And if you want a colorful description of what the 25-year-old quarterback has become this season for the Green Bay Packers, coach Matt LaFleur gave me one, as the team buses made their way to the airport to get the group back to Wisconsin.
“F—ing stud,” LaFleur says.
Hard to argue.
If Love wasn’t perfect Sunday, I’ll leave it to you to pick apart what we all saw during Green Bay’s 48–32 rout of the Dallas Cowboys (and yes, it was a rout, even if LaFleur taking his foot off the gas created a scary moment or two at the end). Love’s passer rating actually fell just 1.1 points short of perfect, at 157.2, and his results on the eye test were pretty much right there, too. He connected on 16 of 21 attempts for 272 yards, three touchdowns and no picks.
He made throws. What was probably his worst throw of the afternoon went for a 38-yard touchdown. He had everything working, and looked every bit worthy of the throne he inherited from Aaron Rodgers last spring.
And his best play of the day vividly illustrated the level at which Love is operating right now, which is a healthy distance from where he was even at the beginning of the year. It came on a third-and-7 from the Dallas 20, with the Packers up 14–0 with 3:23 left before halftime.

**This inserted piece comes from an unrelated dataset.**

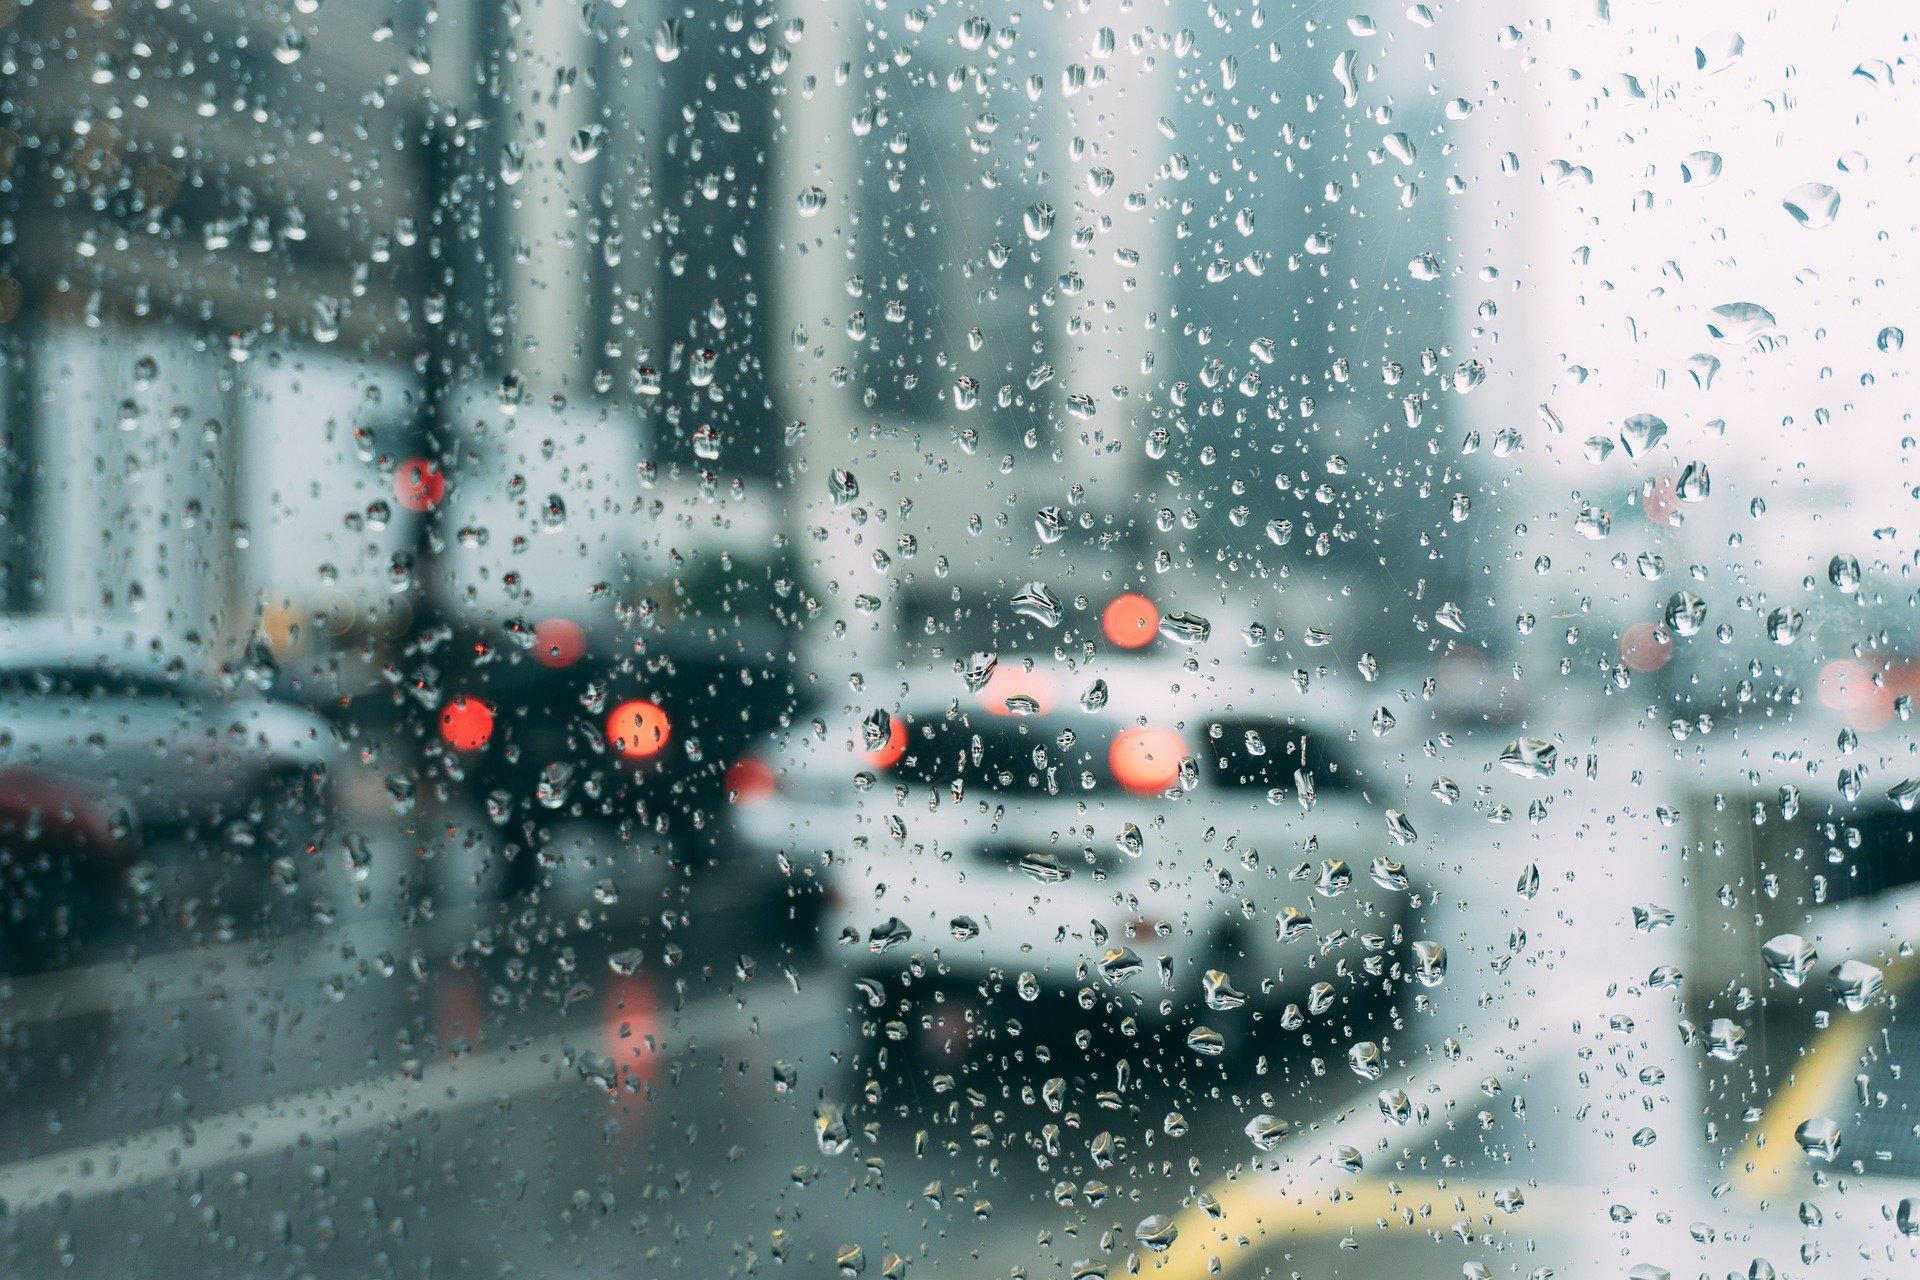 Μεγάλο μποτιλιάρισμα στους δρόμους λόγω βροχής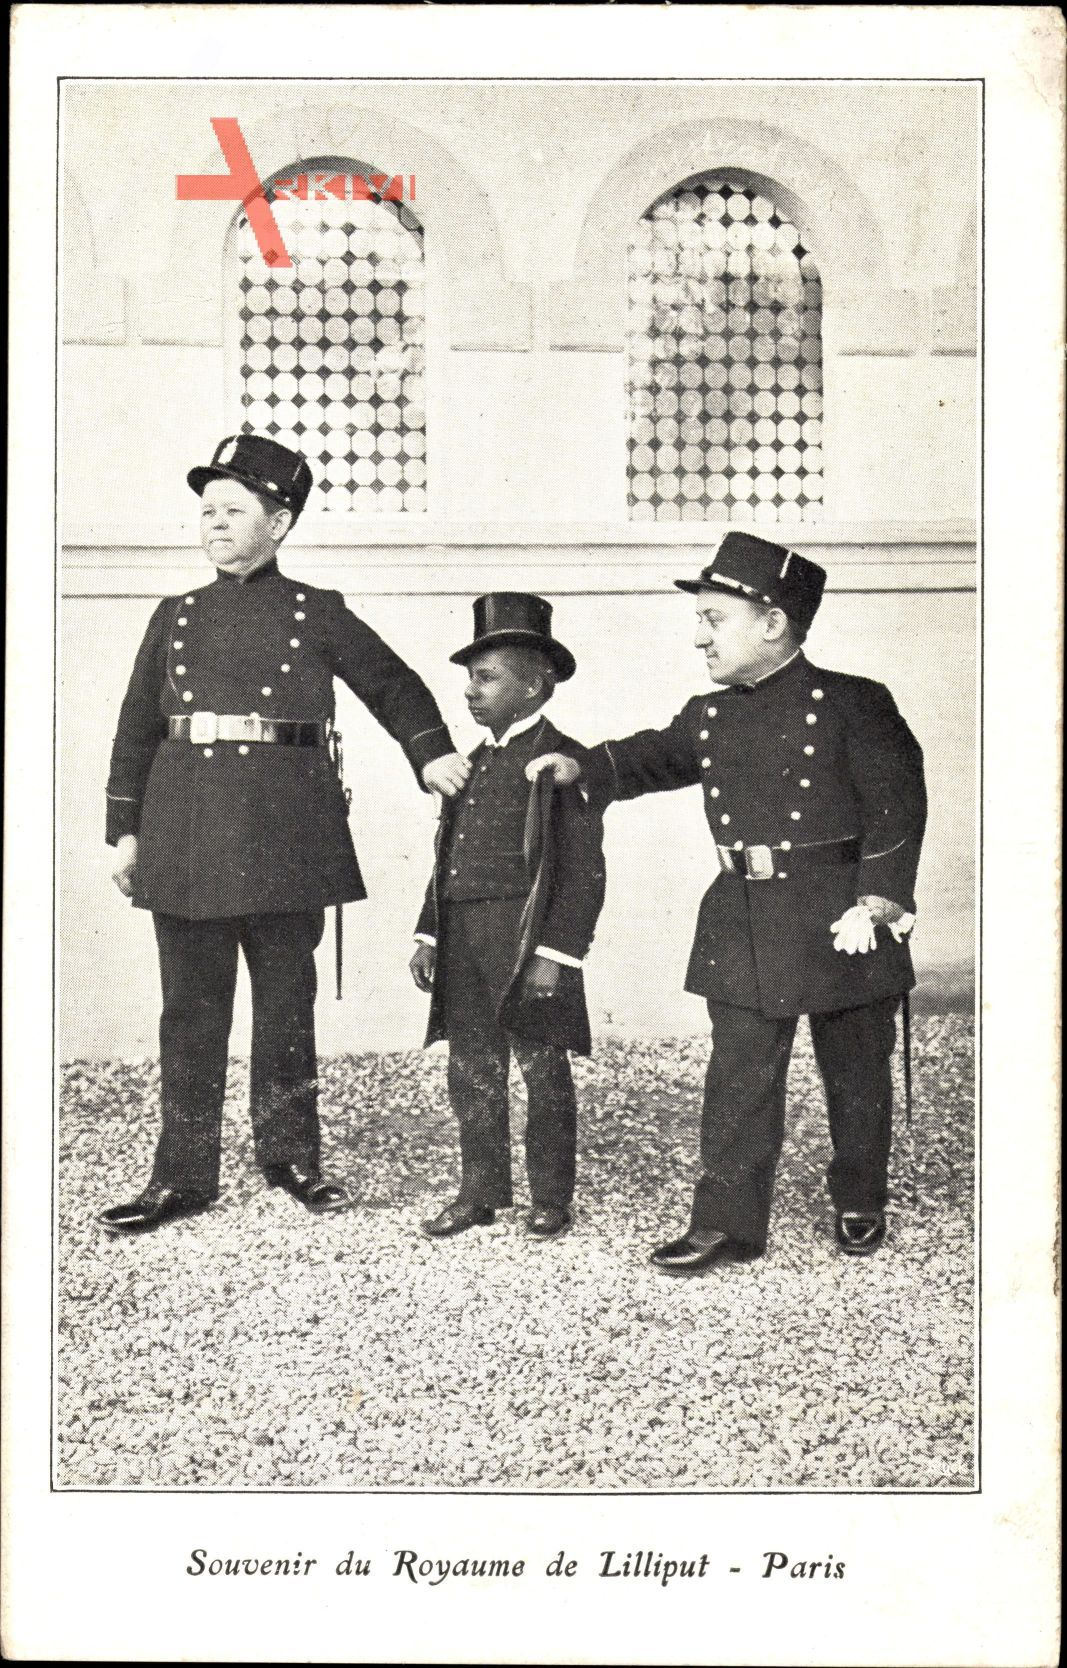 Souvenir du Royaume de Lilliput, Paris, Liliputaner als Polizisten

First, LaFleur asked for, and Love gave him, the play call for the situation. Then, as Love approached the line, he identified a zero blitz and adjusted the protection to keep extra blockers in to combat it. After that, he stood in the face of a rush he knew would probably get to him, and with Markquese Bell coming free and leaping at him to close down his throwing window and make it impossible for him to step into the throw, Love flicked his wrist and dropped a dime to Dontayvion Wicks right down the middle of the end zone for a 20-yard score.
With that strike, the game was effectively over.
“He saw a zero blitz right away, maxed it up, and Tucker [Kraft] did a great job, the O-line did a great job, and he allowed the routes to work because usually you can’t hold up that well when somebody all-outs you,” LaFleur says. “They did, and that allowed him to get that extra hitch—and then the catch by Wicks was a hell of a play.”
And a pretty wild throw?
“Totally insane throw,” LaFleur continues.
The kind that very few quarterbacks could make?
“He is playing at such a high level,” LaFleur answered. “Like, he is playing at an MVP level.”
Which was, interestingly enough, just as vividly illustrated by what may have been, again, his worst throw of the afternoon.
You may remember in Week 1, when rookie tight end Luke Musgrave came impossibly open for a 37-yard gain against the Bears. The play, it turns out, is designed to spring him that way, and as such the Packers use it sparingly—and had tucked it away completely since. So when I saw Musgrave come stupid open again against Dallas, the same way he had against Chicago, I had to ask LaFleur about it.
“That was the same play, buddy,” the coach says.
Turns out, the Packers put it back in this week. But that’s not the end of it. The snap before Green Bay ran it, LaFleur actually had it called. Love didn’t like the look, checked out of it, and Aaron Jones broke loose for 27 yards. Afterward, Love gave his coach a look.
“He was signaling over that he wanted the same play call again,” LaFleur says. “So we called it.”
Love wound up underthrowing Musgrave pretty badly. But the tight end was so wide open—because it was the right call at the right time—that he could wait for it at the 15, gather it and sprint to the end zone for six without incident.
“There’s a lot of trust there, I would say, between myself [and] him,” LaFleur says. “It’s been so much fun to be a part of this journey with him. To see how far he’s come, I couldn’t be happier for him.”
And LaFleur’s not alone.
Before all this growth that’s become as obvious to the rest of us as it is to a football coach, there were a lot of Packers people pouring into Love, and investing in his development and, as a result, rooting for him. Because as they worked with him, they became more and more convinced that they had not just the right player, but also the right person—a kid LaFleur described to GM Brian Gutekunst before the 2020 draft as “just a very likable dude.”
“And I think that’s important from that position to see that love, and just to see how he’s worked to get to where he is now from where he was,” LaFleur said. “He’s done it, man. He’s done it.”
Which, considering how high the bar is at that position in that place, is pretty remarkable.